KI's two-piece insulation:

  1. Stop-gradient at the VLM → action-expert interface. The action expert reads VLM features (forward pass: clean activations flow). The action expert's flow loss propagates inside the action expert's own weights but is detached at the boundary — it does not flow into the VLM. Concretely: a stop_gradient() wraps the VLM features the action expert consumes.
  2. FAST-token cross-entropy auxiliary head, hung off the VLM. The same action chunk the flow expert regresses against is also FAST-tokenized; an auxiliary head on the VLM predicts those discrete tokens via standard next-token CE. This gradient does flow back into the VLM. So the VLM still receives an action-relevant learning signal — but as a clean, stationary, low-variance categorical signal, not a noisy velocity-field signal.
“Training with discrete FAST action tokenization now powers all of our pre-training in π0.5!” — Karl Pertsch (PI / FAST first author), X / Twitter, April 2025

This is why the Pertsch quote matters precisely: pre-training, not inference. The VLM is co-trained on a heterogeneous mixture (language, web VQA, object detection, FAST-CE on actions) all of which contribute clean gradients. The action expert is co-trained on flow matching, isolated. Two gradients, one backbone, one direction of leakage. [KI §3]

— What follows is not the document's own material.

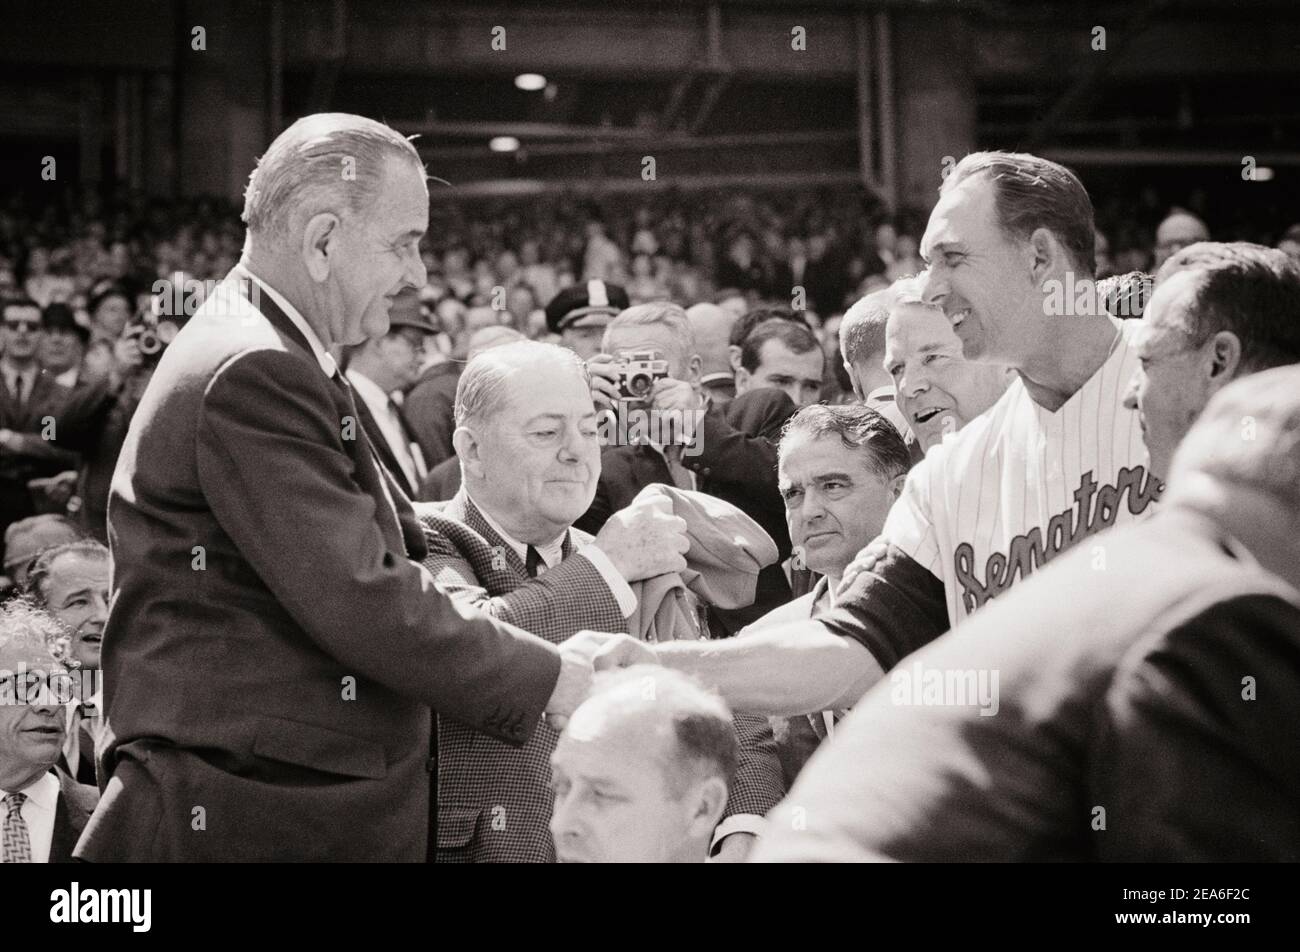 Le jour d'ouverture du match de baseball, Lyndon B. Johnson se lance. ÉTATS-UNIS. 12 avril 1965 Banque D'Images
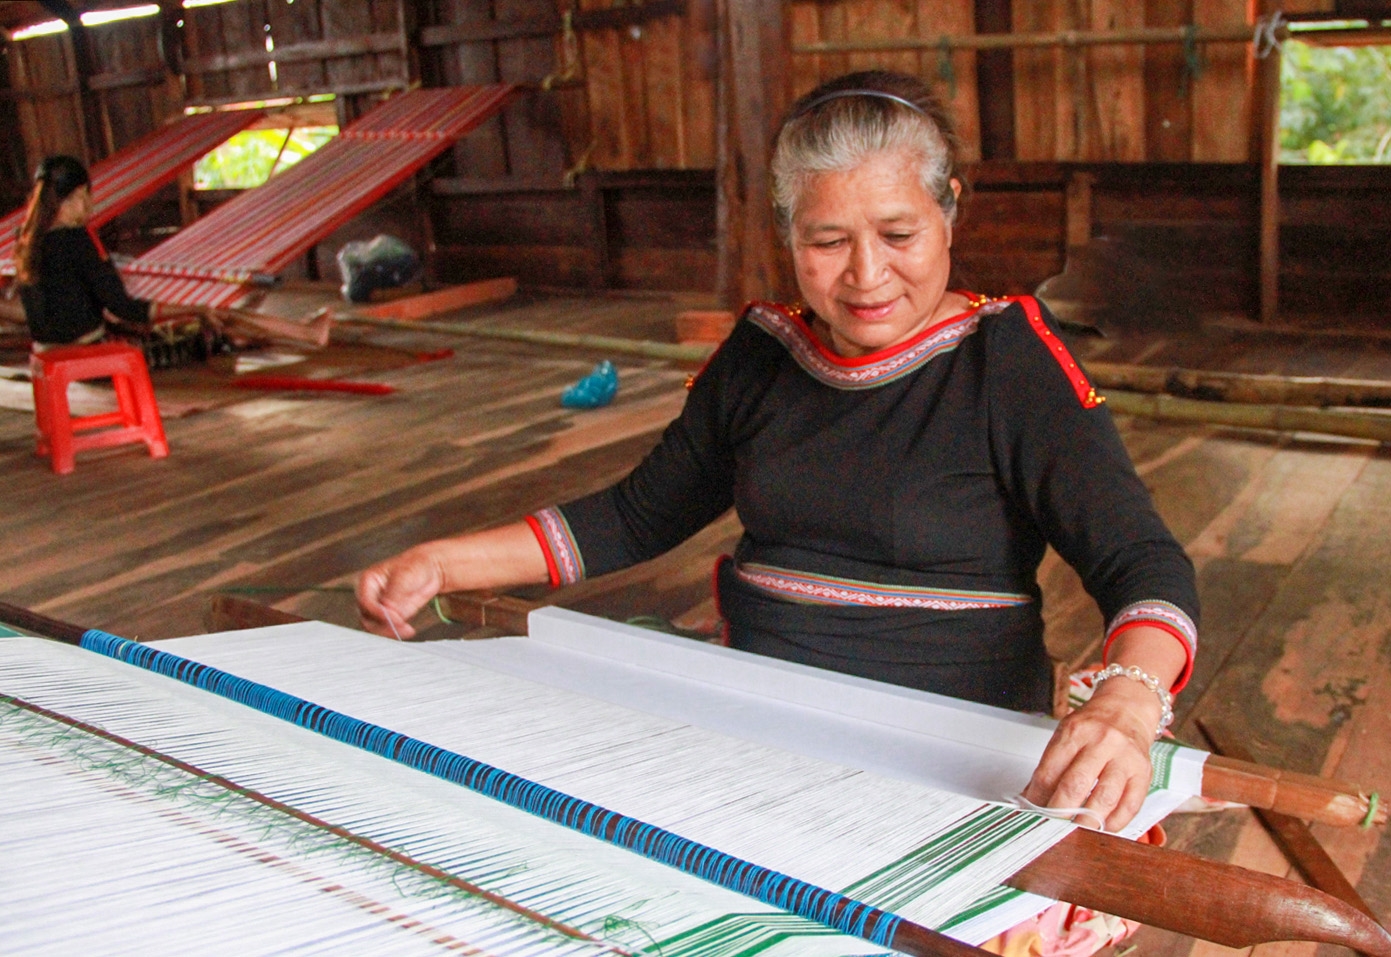 Tham gia Tổ hợp tác dệt thổ cẩm bà H’Rưm Hmok có nguồn thu trang trải cuộc sống

Sources: KI paper §3 (arXiv 2505.23705); fast_deep_dive_2026-04-14.md §4.

TI1 — Train-time vs inference-time data flow

Same network, two paths. At training, both heads fire. At inference, only the flow head emits.

The four common misreadings, in order of frequency:

  • “FAST is the inference path.” No. At inference, only the flow-matching action expert runs. The FAST auxiliary head is dead weight at deployment — only its representational shaping of the VLM during training carries forward.
  • “KI = freeze the VLM.” No. The VLM is updated by language losses, web data, and FAST-CE. It is not updated by the flow-matching loss. The selective protection is the trick.
  • “FAST tokens are decoded then converted to actions at inference.” No. There is no FAST decoding step at inference in π₀.5 / KI. Continuous flow is the runtime artifact.
  • “The action expert and VLM are separate transformers.” No (carry-over from Page 2). They are two parameter sets inside one transformer. Stop-gradient is applied at the VLM features the action-expert tokens read — one tensor cut, not a structural separation.

One honest open question. KI's ablations remove the FAST-token aux loss, the stop-gradient, or the co-training data. The biggest performance drop comes from removing the aux loss, suggesting the discrete categorical target is doing more representational work than the stop-gradient itself. The KI paper does not ablate against LoRA-only or adapter-only fine-tuning. VLM2VLA directly rebuts with “simpler LoRA works.” Whether KI is uniquely necessary or just one valid solution is unsettled in the public literature. [fast_deep_dive_2026-04-14.md §4.4; pi_papers_multiagent_discussion_2026-04-14.md Round 2]

Sources: KI paper §3, §4 (arXiv 2505.23705); π₀.5 paper §3 (arXiv 2504.16054).

One sentence to leave with. The same network sees three loss signals. Two of them train the VLM (language / web data, plus FAST cross-entropy on the action chunk). One trains the action expert (flow matching). The flow gradient never crosses. That is the whole mechanism — one tensor cut at one boundary, plus a clean discrete supervisor on the VLM side. Everything Page 5 says about co-training, data mixtures, and open-world generalization rests on this single asymmetry.